Job Creators vs. Lost Creators

I’m concerned this week on two fronts that are most often seen separately, although they are inexorably intertwined by an interdependence and mutual responsibility engendered by the nature of our democratic society. 

One, is the rhetorical keystone used by the radical right-wing Republicans that attempts to equate being rich with being a “job creator.”  It’s so patently misleading as to fall easily into the category of bamboozling.  This isn’t the first time Republicans have used this ruse to mislead the public. 

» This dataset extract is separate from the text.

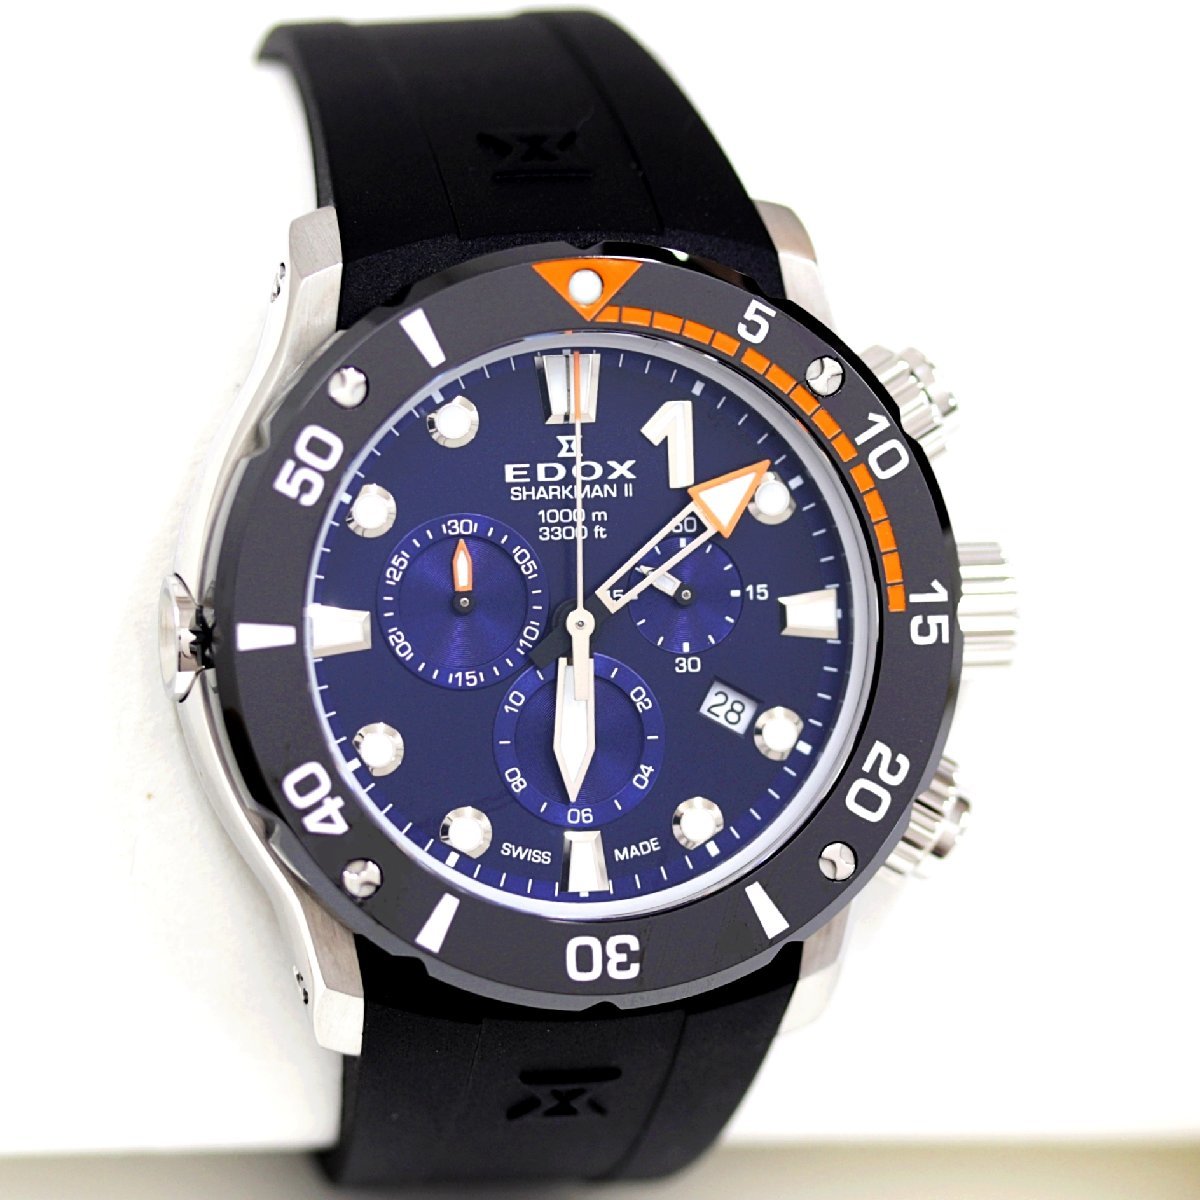  Ed ks Chrono offshore 1 shaku man 2 300шт.@ ограничение 10234-3O-BUIN наручные часы хронограф кварц мужской как новый товар 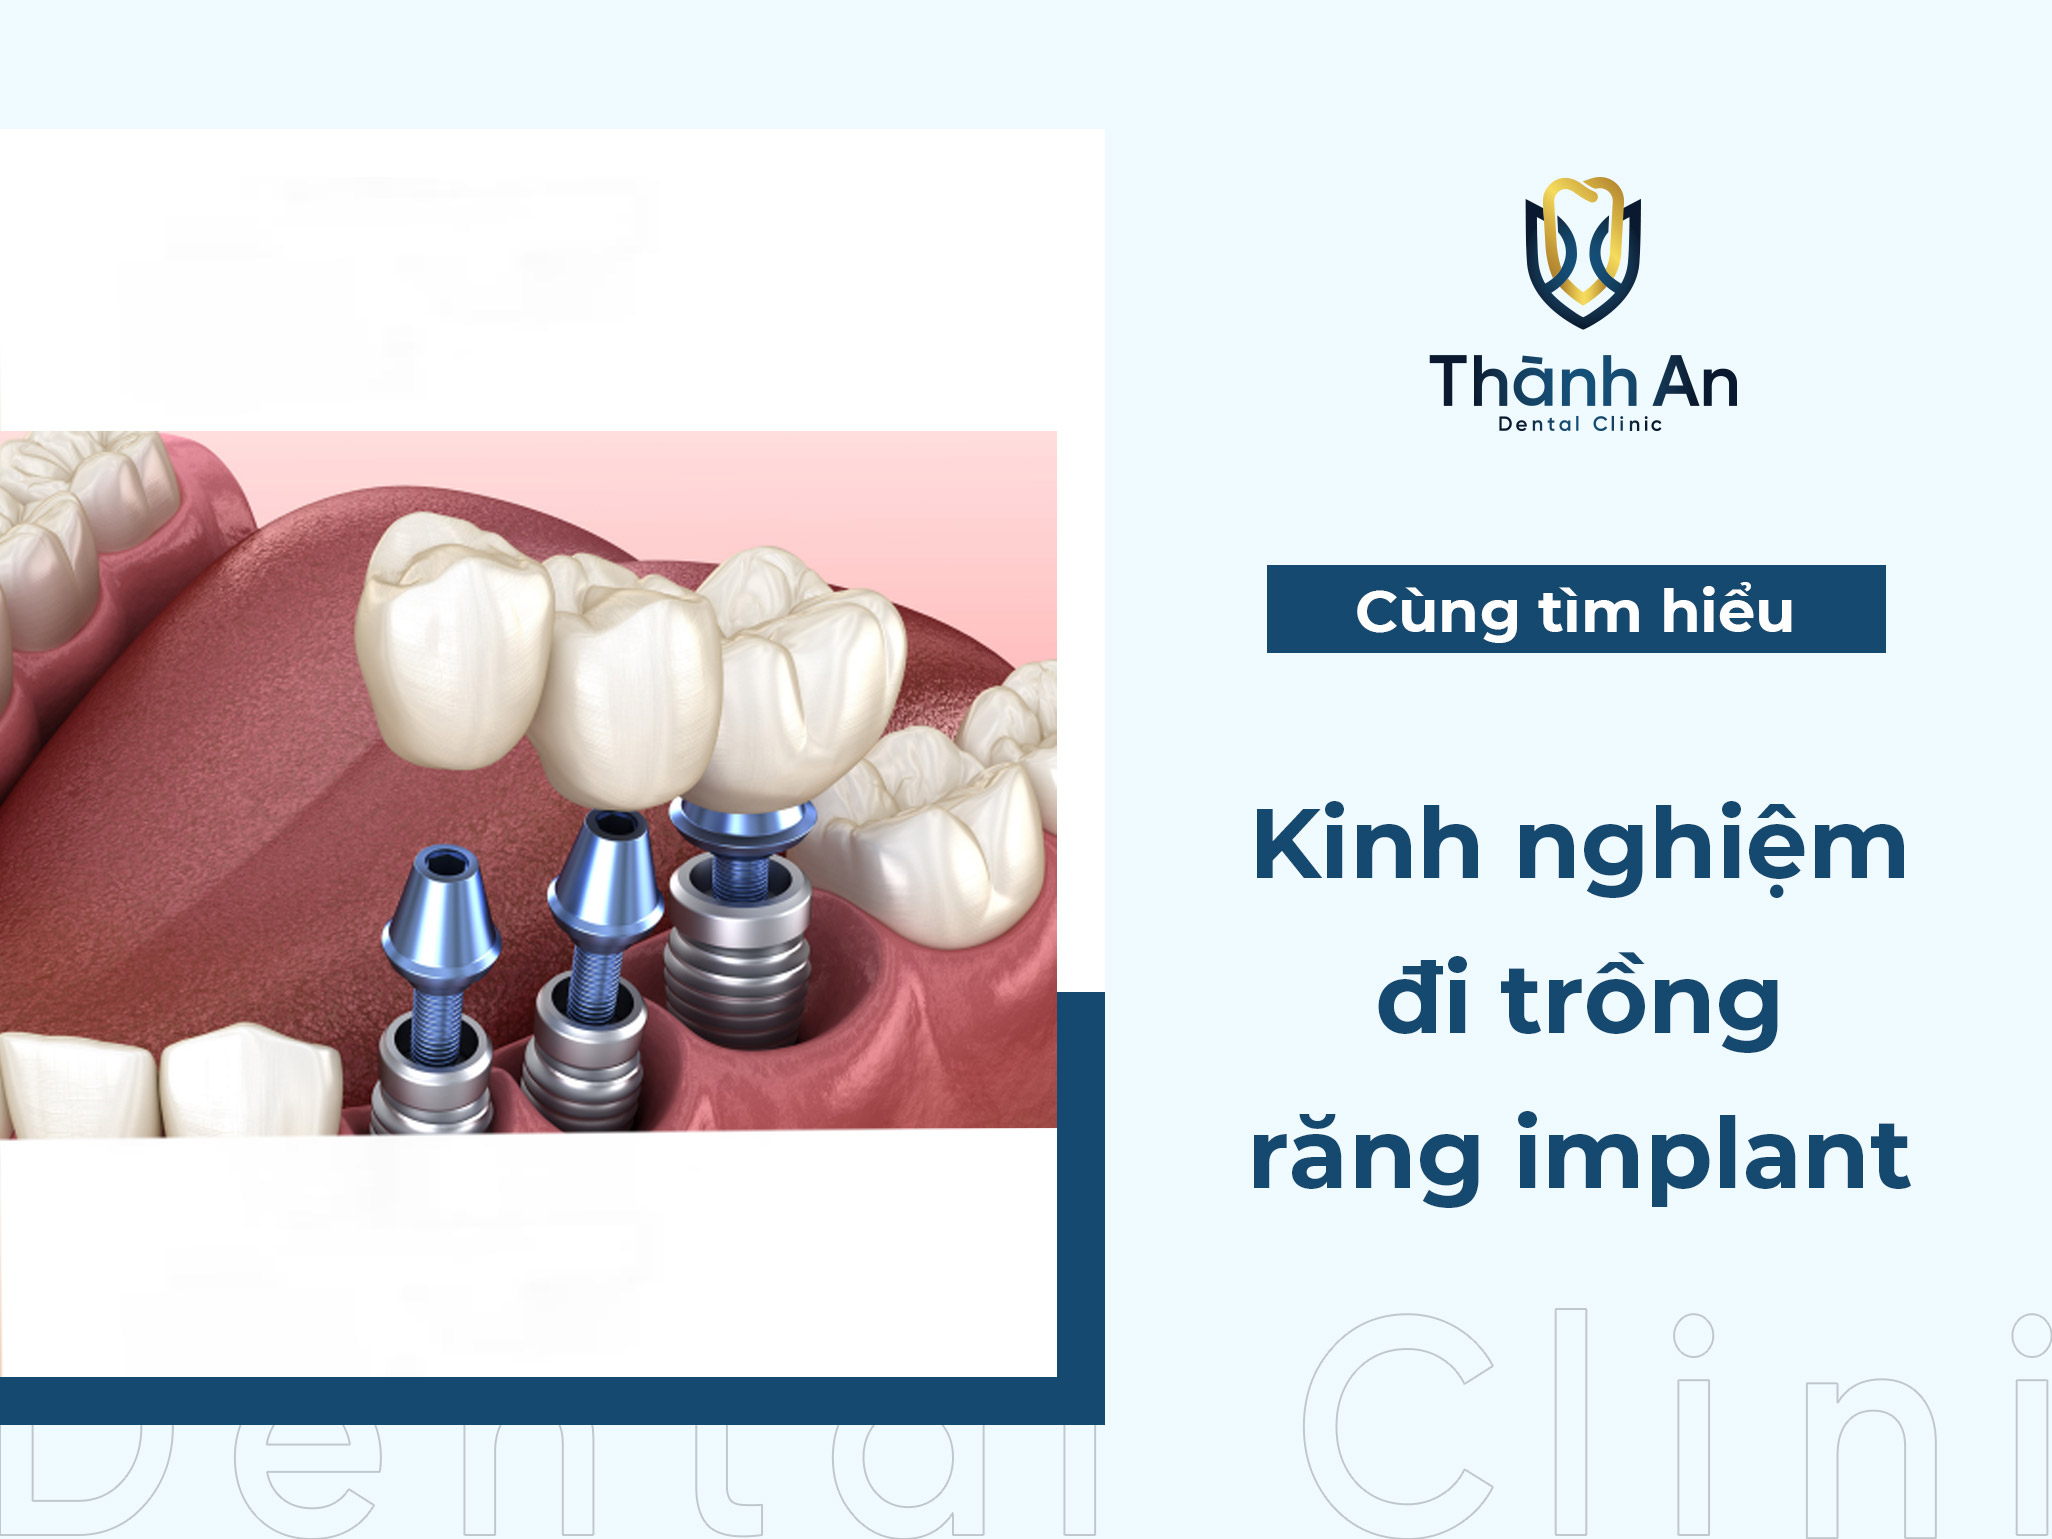 Kinh nghiệm đi trồng răng implant HIỆU QUẢ - AN TOÀN, bạn đã biết

An article from September 2011 on Salon.com recalls that Republicans have been using it for years (even decades) to push a vision of capitalism in which those who most benefit from the system are most essential to its continued success.  As long ago as 1991, a Republican conservative, who just happens to be running currently for the Republican nomination for President, Newt Gingrich, characterized  Democratic opposition to a cut in the capital gains tax as evidence that liberals “hate job creators; they’re envious of job creators.  They want to punish job creators” and then he added that they “believe in class warfare.”  Sound familiar?

Even more revealing is the debate over the 1993 Clinton budget plan, which aimed to cut the deficit by raising the top income tax rate.  Republicans fought this tooth and nail, but ended up losing on a tie-breaking vote by Vice-President Al Gore in the Senate.  Of course, one of their leaders at the time, Phil Gramm, made it plain that this was very unlikely to promote investment and job creation.  In fact, he invoked pretty much the whole world as believing it could not succeed.  Hindsight lets us see that higher taxes on the “job creators” did not create an obstacle to economic growth.  In fact, what resulted was economic growth for 116 consecutive months, the deficit cut by $290 billion, and a path established toward a balanced budget.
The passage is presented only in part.